Most of the “machine learning” of MedCAT is actually around the disambiguation step and the standard NER is dictionary based with a spell-checker that runs first and some lemmatization depending on your configs.
You likely are using a model that does not have dictionary entries for your use case and you’ll need to either add more entries to the CDB whether it’s manually or via training.
The supervised training process will add new entries if they are not there.
Thanks for your response. I appreciate it. Thanks for explaining that. It was helpful. I will consider adding new entries via training/manually.
Based on my previous discussion with Anthony, from last year, I am trying to reproduce the MedCAT demo hosted at https://medcat.rosalind.kcl.ac.uk/. I have used NHS TRUD Snomed International files for mapping Snomed codes further to ICD-10/OPCS-4 codes. I was under the impression that this should enable me to produce the same results as the demo. However if you see the image attached below from the MedCAT demo for the same test_string, the entities recognized show better performance. For instance, “Epidural Injection” being an important entity.
In this context, could you please advise if I am missing any step to reproduce the above implementation? Maybe which base modelpack was used for the demo could be helpful.
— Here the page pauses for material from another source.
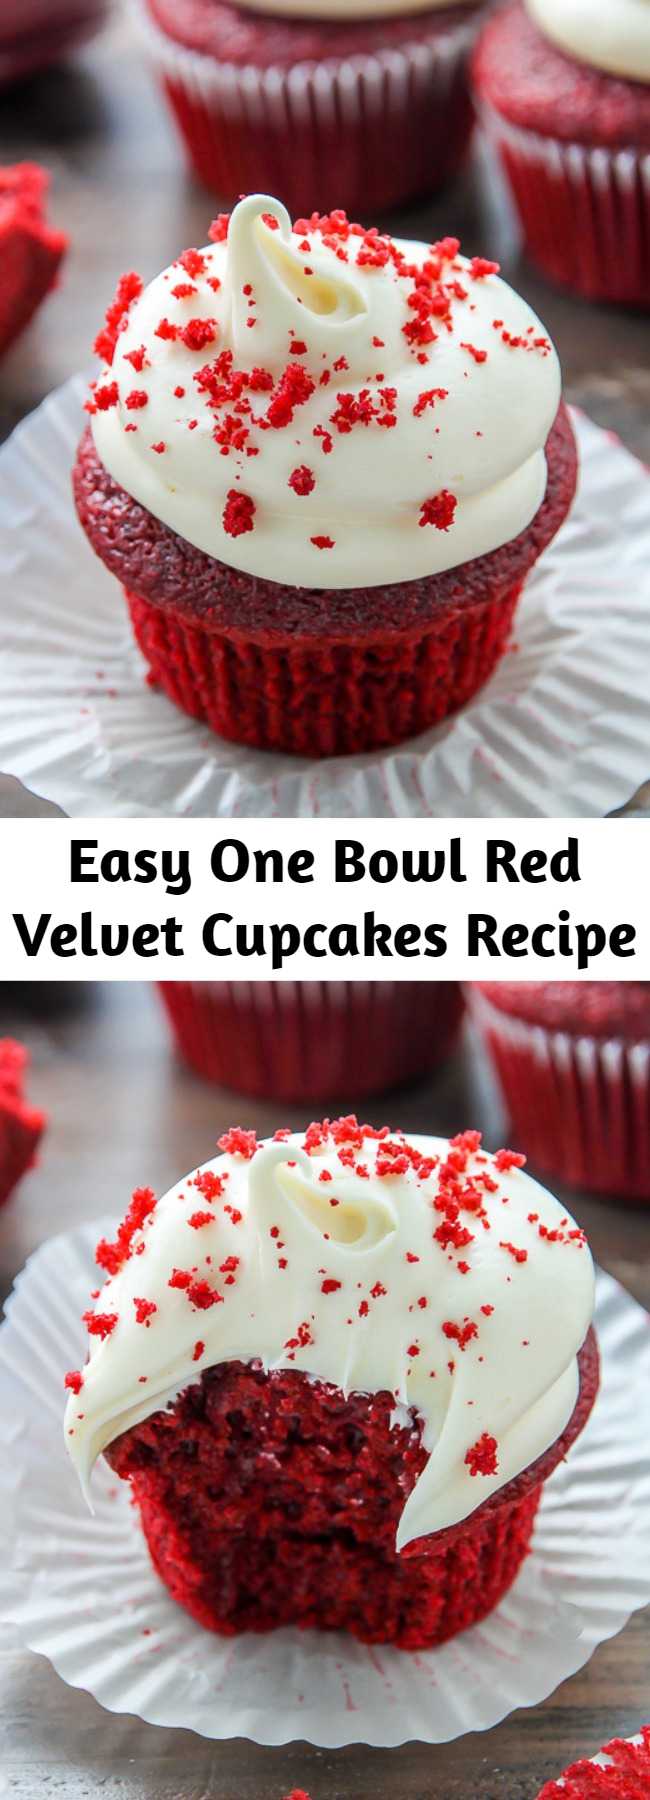 Easy One Bowl Red Velvet Cupcakes Recipe - If you like red velvet, you’re going to LOVE these light and fluffy red velvet cupcakes! Classic red velvet cupcakes topped with luscious cream cheese frosting! Made in just one bowl, these are easy enough to whip up any day of the week. They’re so delicious!

Also, I am interested to know, if you can advise regarding the possibility of using NER from another spacy model, replacing the dictionary based MedCAT matching and use it along with the ontology linking capability of MedCAT.
I understand this is a complex work area and I just want to mention that any help and guidance from your end is highly appreciated.
The Demo is there for demonstrative purposes. You should in theory be able to download the demo artifacts, build the CAT from vocab and cdb, and run inference over your documents but there are many potential issues like miss-match of libraries, etc. that could go wrong.
You could verify that epidural~injection is included as a name in your CDB that you are using locally. If not, then you’ll have to add that name to your CDB. The NER is dictionary based so it’s only going to detect entities that are in the dictionary.
I have not personally tried adding another NER component but in theory it should be possible.
The NER component is a spacy pipeline component, it reads in a doc and returns a doc. In Medcat, the NER returns a doc with additional annotations.
In theory you could either subclass Pipe or remove the pipe and add a new pipe. Your new pipe would need to add similar annotations to the doc in the form of doc._.ents in order for downstream components (really the Linker) to work properly.
I would recommend enriching your vocab first before trying to add a new NER model. I have given what I would do to get started using a separate NER component but I haven’t tested it so this is just a rough sketch of how to get started.
That was really insightful. Thanks a lot for your response.
I will try the approaches you suggested. I appreciate your support. I hope we can keep in touch to keep exchanging ideas and approaches around this work. If possible, I request you to please share your email address for the same.